*Your task*
With the pictures left out, restate exactly the part below that opens with the line containing "Exercise Spin bike, Recumbent" and closes with the line containing "sepeda, keranjang sepeda, pusat".

*Dataset records*

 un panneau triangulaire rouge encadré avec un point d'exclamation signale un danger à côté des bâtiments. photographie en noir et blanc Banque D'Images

* * *

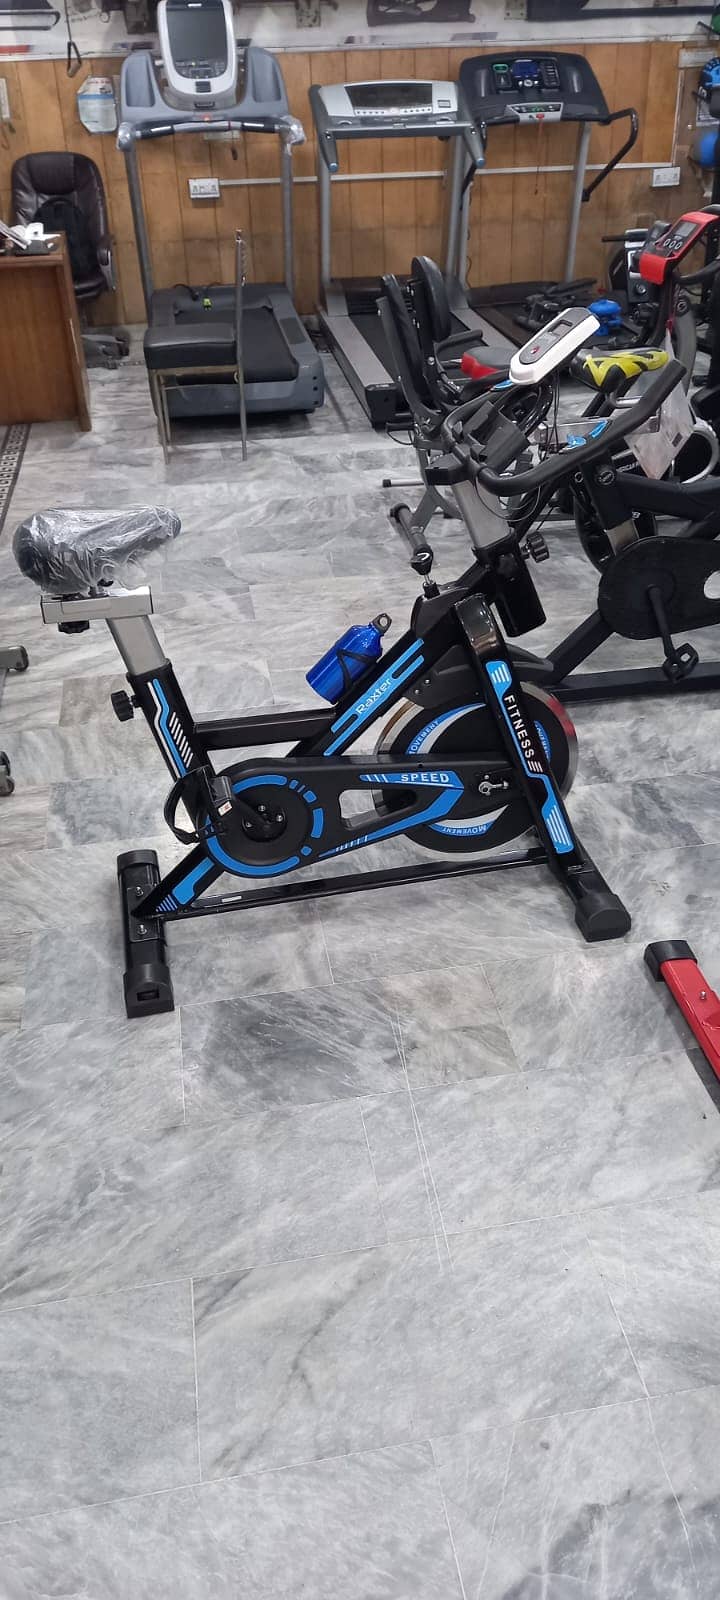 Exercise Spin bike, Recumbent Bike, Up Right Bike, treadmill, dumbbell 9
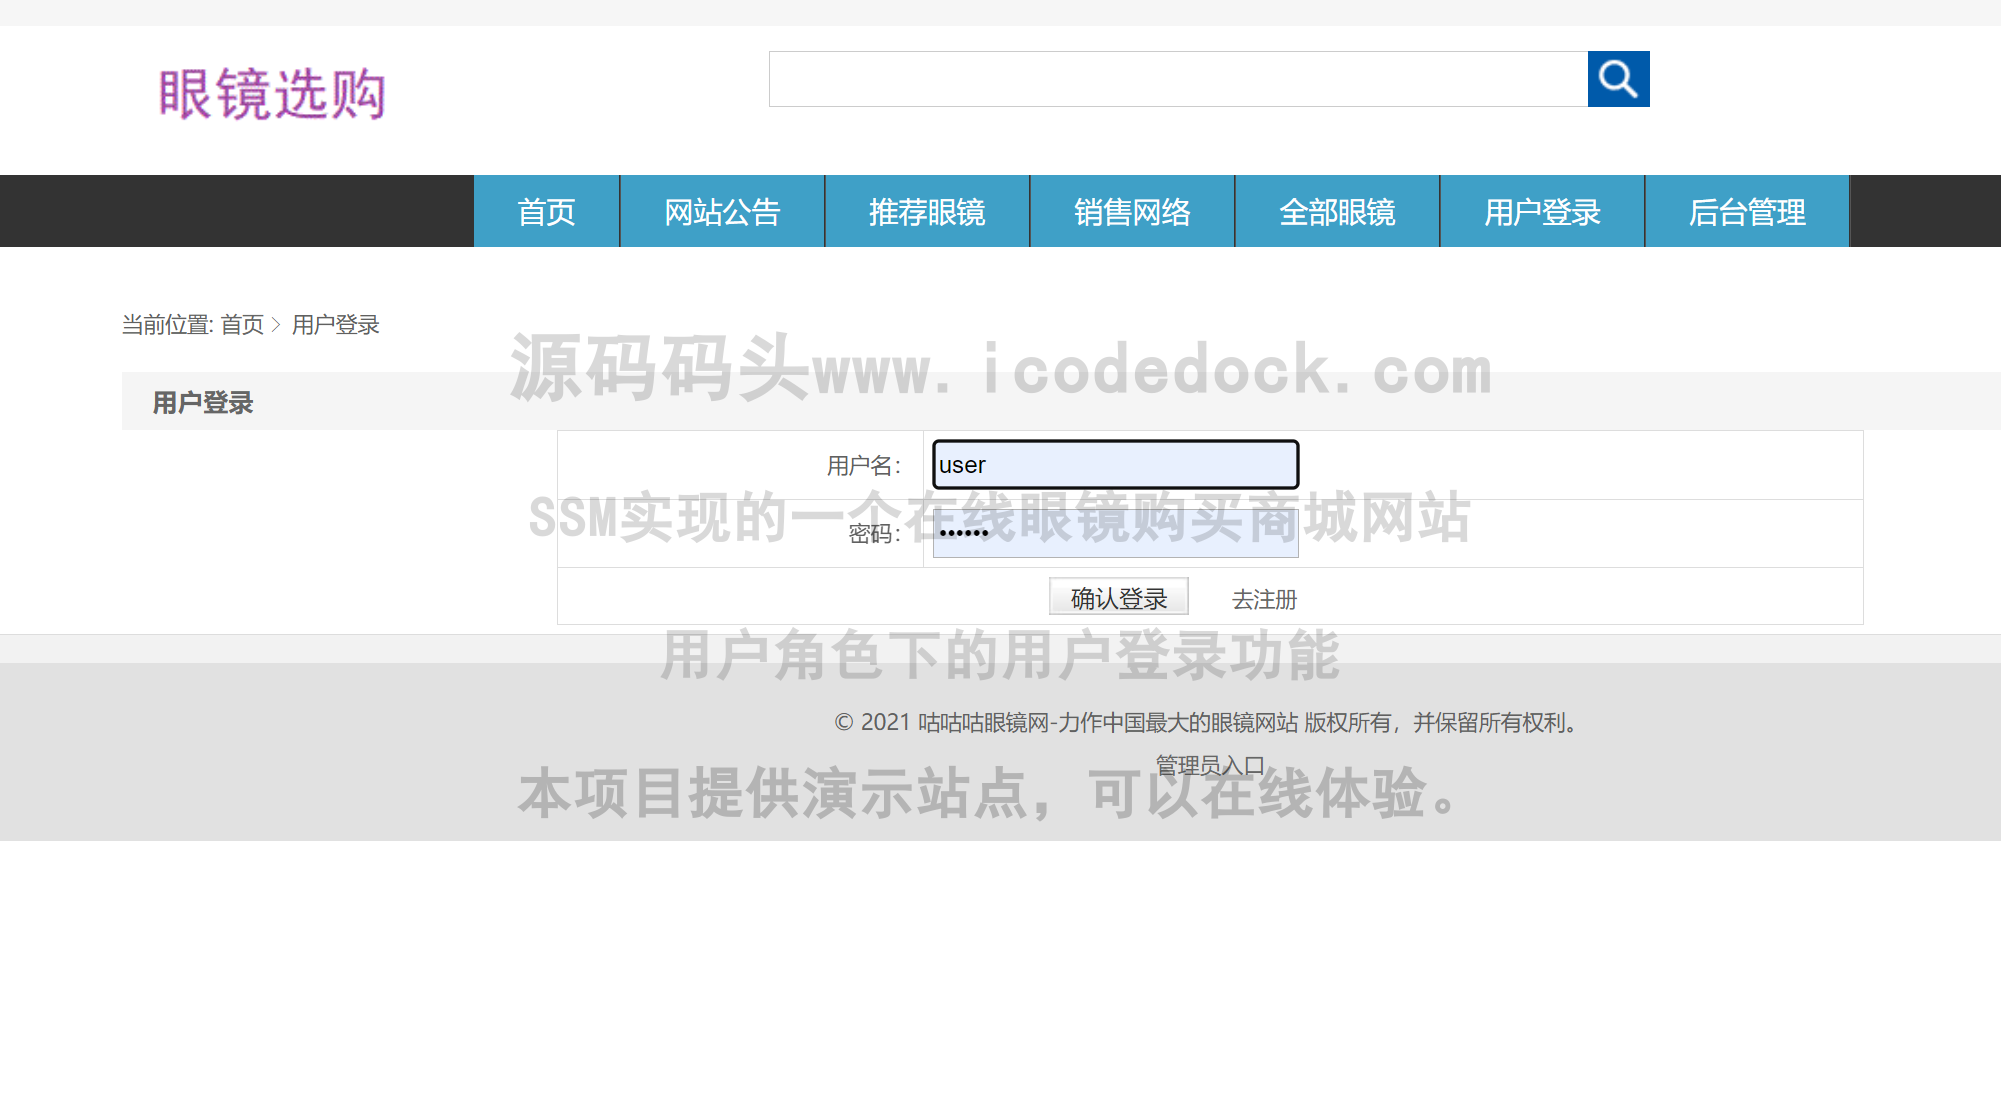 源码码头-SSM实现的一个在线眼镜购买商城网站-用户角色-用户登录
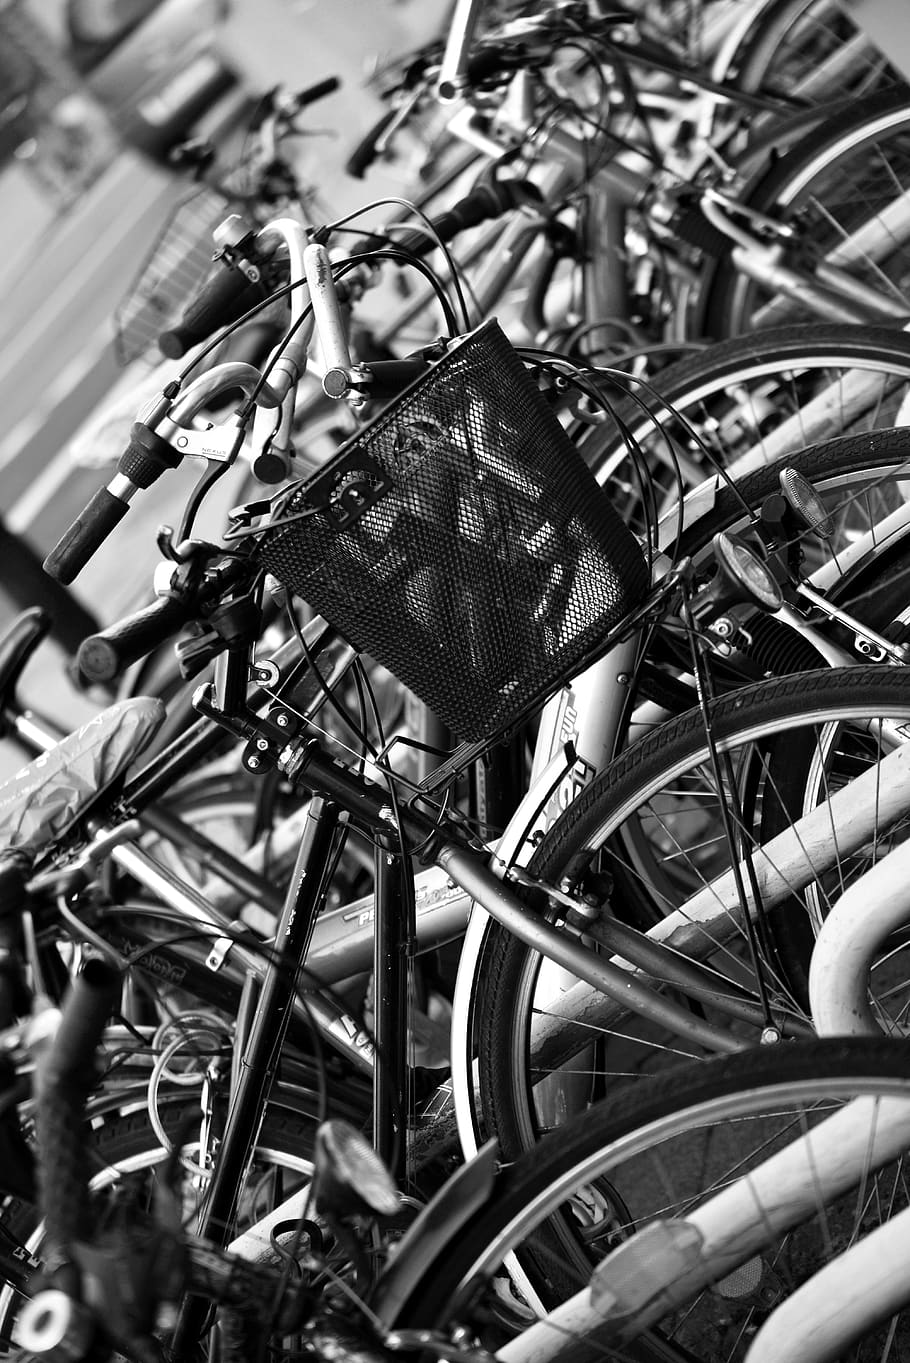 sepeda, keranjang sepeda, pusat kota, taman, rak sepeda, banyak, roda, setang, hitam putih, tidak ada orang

*Solution to this problem*
 Exercise Spin bike, Recumbent Bike, Up Right Bike, treadmill, dumbbell 9
 源码码头-SSM实现的一个在线眼镜购买商城网站-用户角色-用户登录
 sepeda, keranjang sepeda, pusat kota, taman, rak sepeda, banyak, roda, setang, hitam putih, tidak ada orang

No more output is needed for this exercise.